Литмир - Электронная Библиотека

– Ты придумала что-то еще? – спросила Кармен, на которую соображения судьи действительно произвели впечатление.

– Не без того, – ответила Мариана. – Лезвие от опасной бритвы мы нашли неподалеку, поэтому я убеждена, что убийца живет поблизости. Разве человек, который приехал отомстить и собирается сразу же вернуться туда, откуда он появился, станет разбрасывать по округе части разобранной опасной бритвы? Я бы выбросила их гораздо дальше от места преступления, там, где никто ничего не заподозрит, даже если найдет.
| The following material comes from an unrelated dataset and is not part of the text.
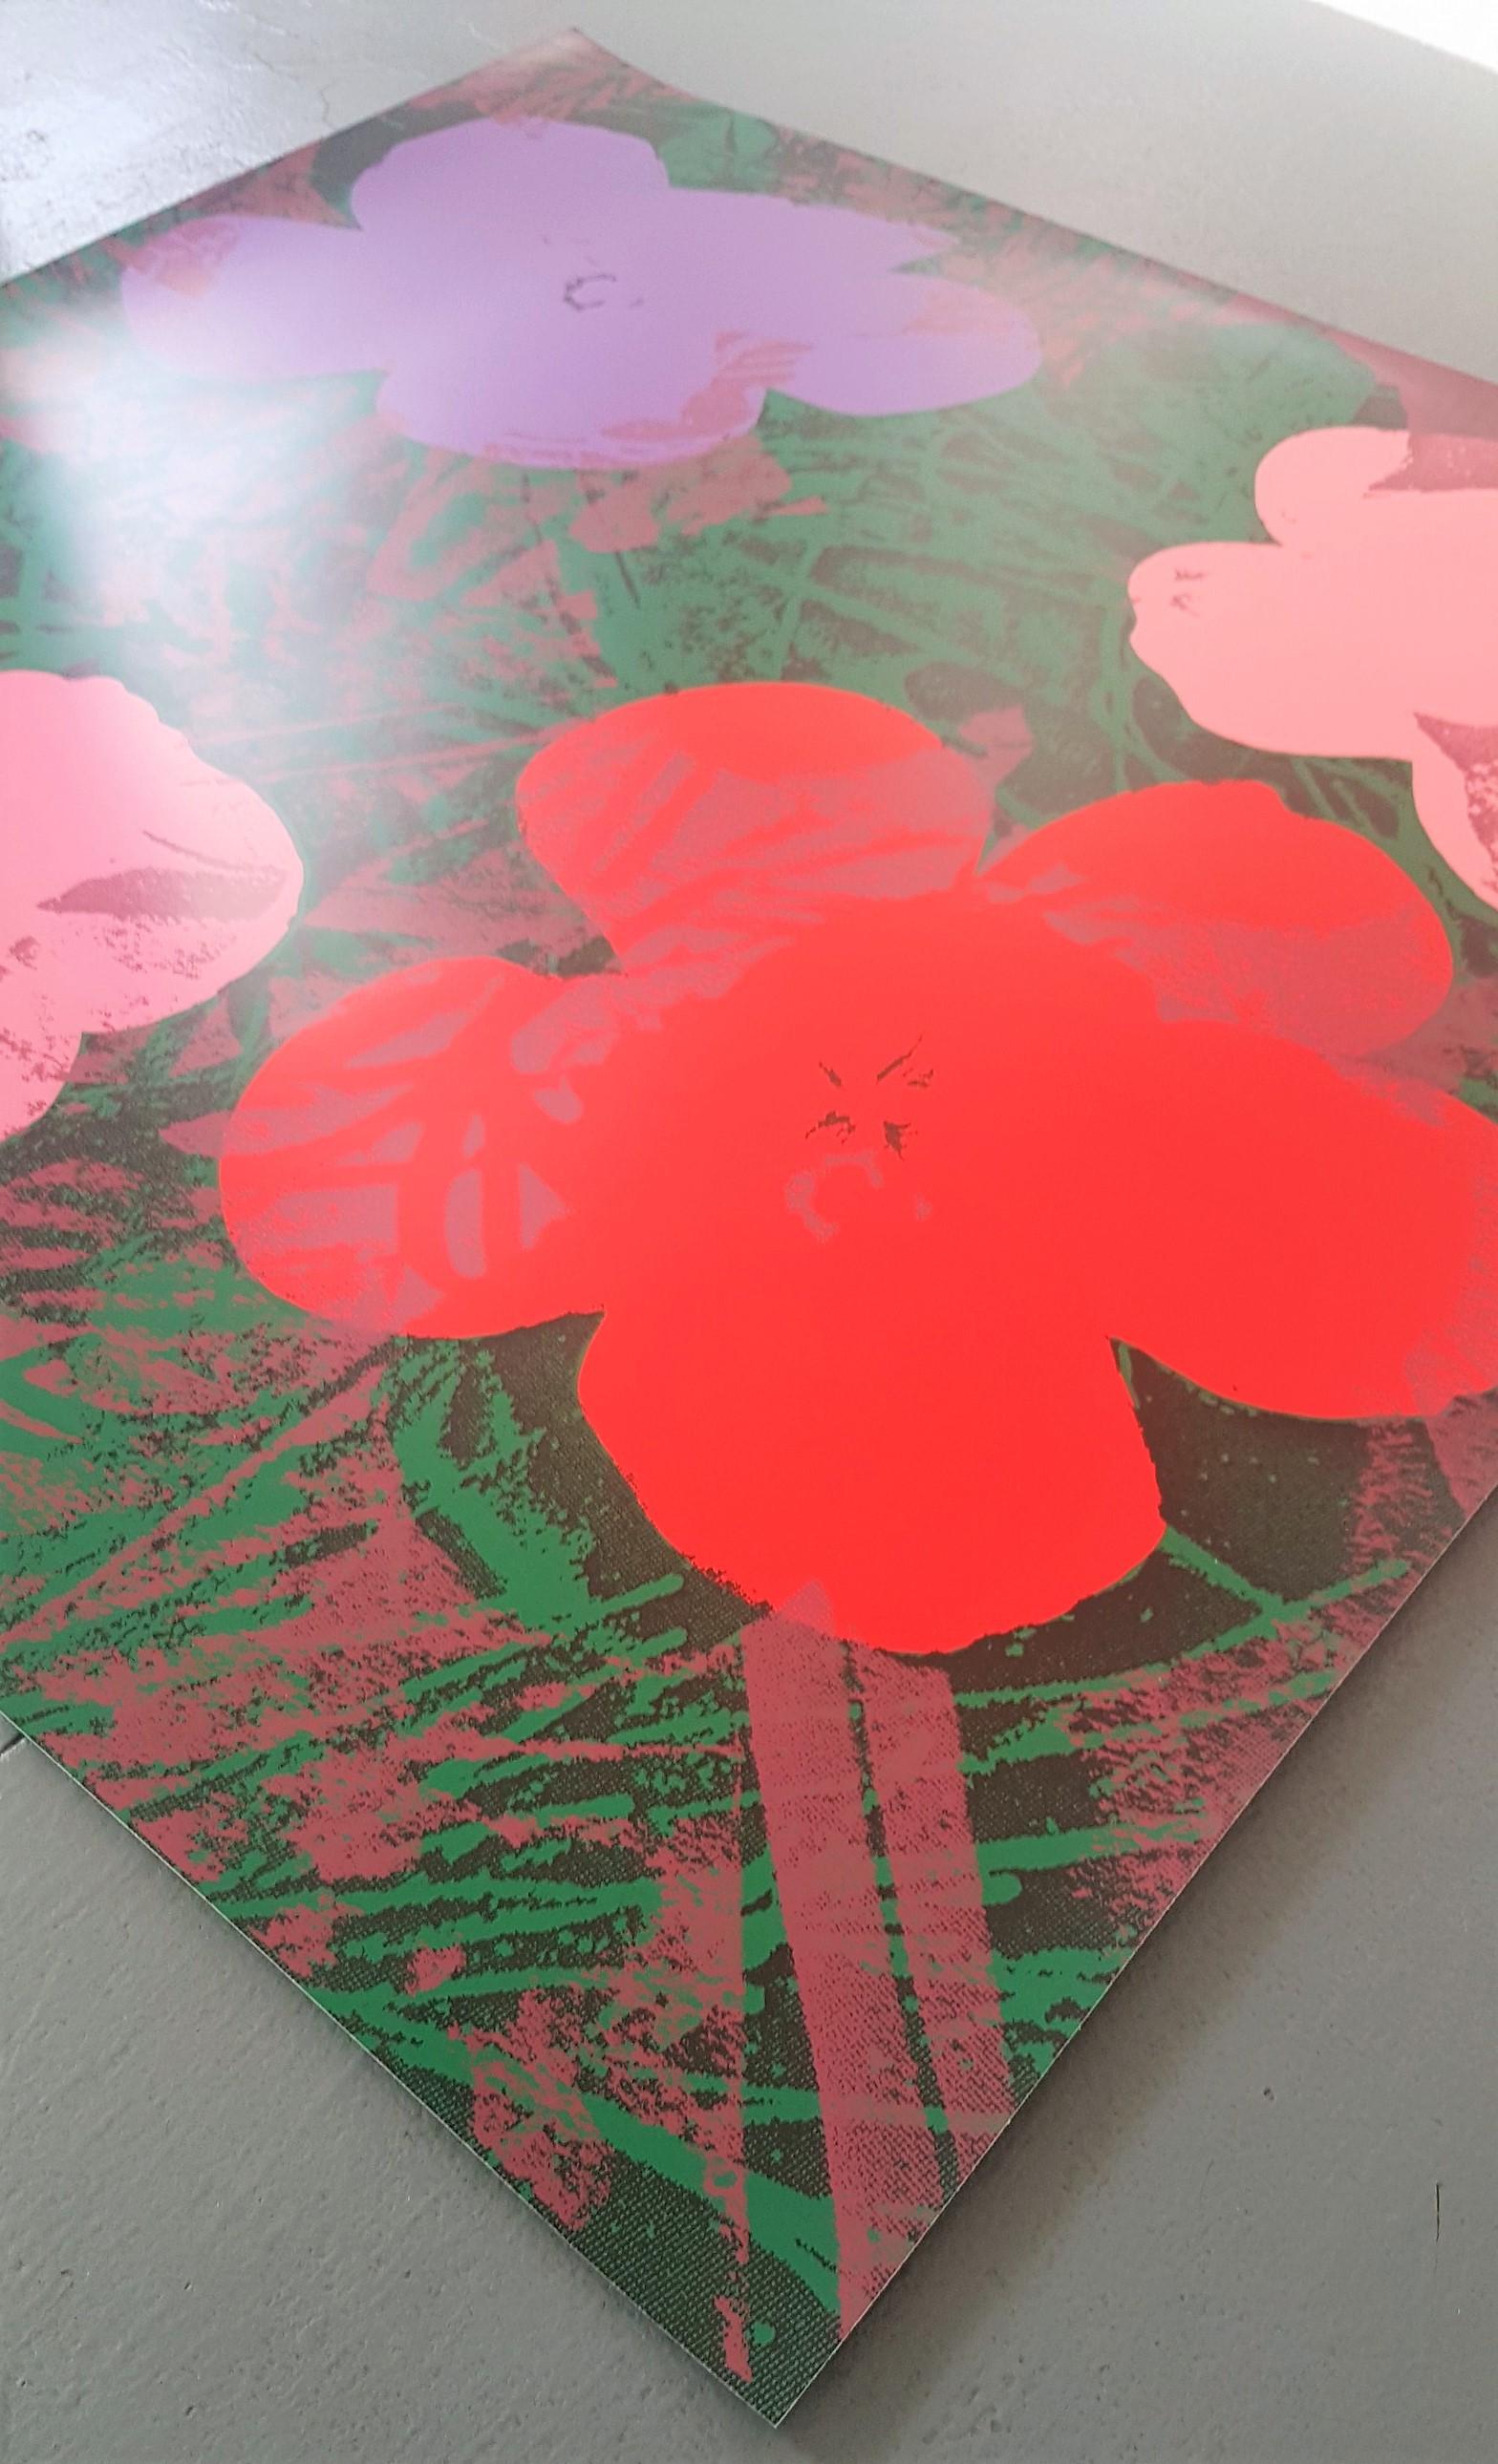 Fleurs (rose, rouge, violet - Pop Art) (~65% DE RÉDUCTION SUR LE PRIX DE LISTE, DURÉE LIMITÉE) - Print de Jurgen Kuhl 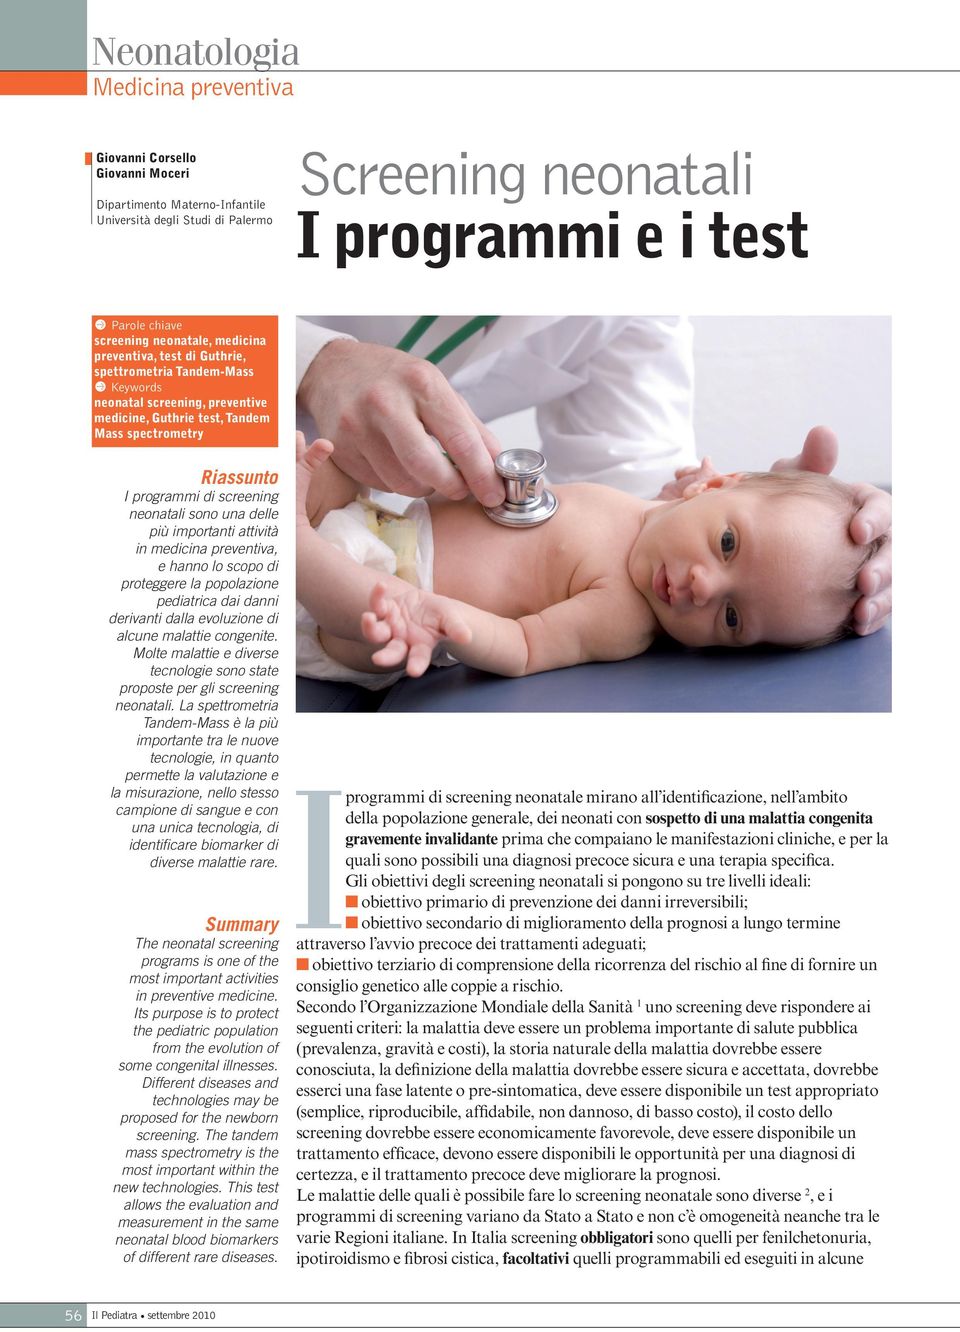 screening neonatali sono una delle più importanti attività in medicina preventiva, e hanno lo scopo di proteggere la popolazione pediatrica dai danni derivanti dalla evoluzione di alcune malattie

Но раз части орудия убийства выброшены, хотя и не рядом, но все-таки в наших местах, значит, убийца живет здесь, и это смелый, изобретательный человек. Его первой ошибкой было то, что он разбросал их на довольно ограниченной территории – если мы найдем что-то еще, то будем знать больше. Но и находка лезвия позволяет предположить, что человек этот отсюда, что он живет здесь, по крайней мере, летом, или часть лета. Это, повторяю, его первая ошибка. Точнее, первая, которую мы обнаружили. И я надеюсь, что у него были и другие, что мы их обнаружим, и все они вместе взятые наведут нас на след убийцы.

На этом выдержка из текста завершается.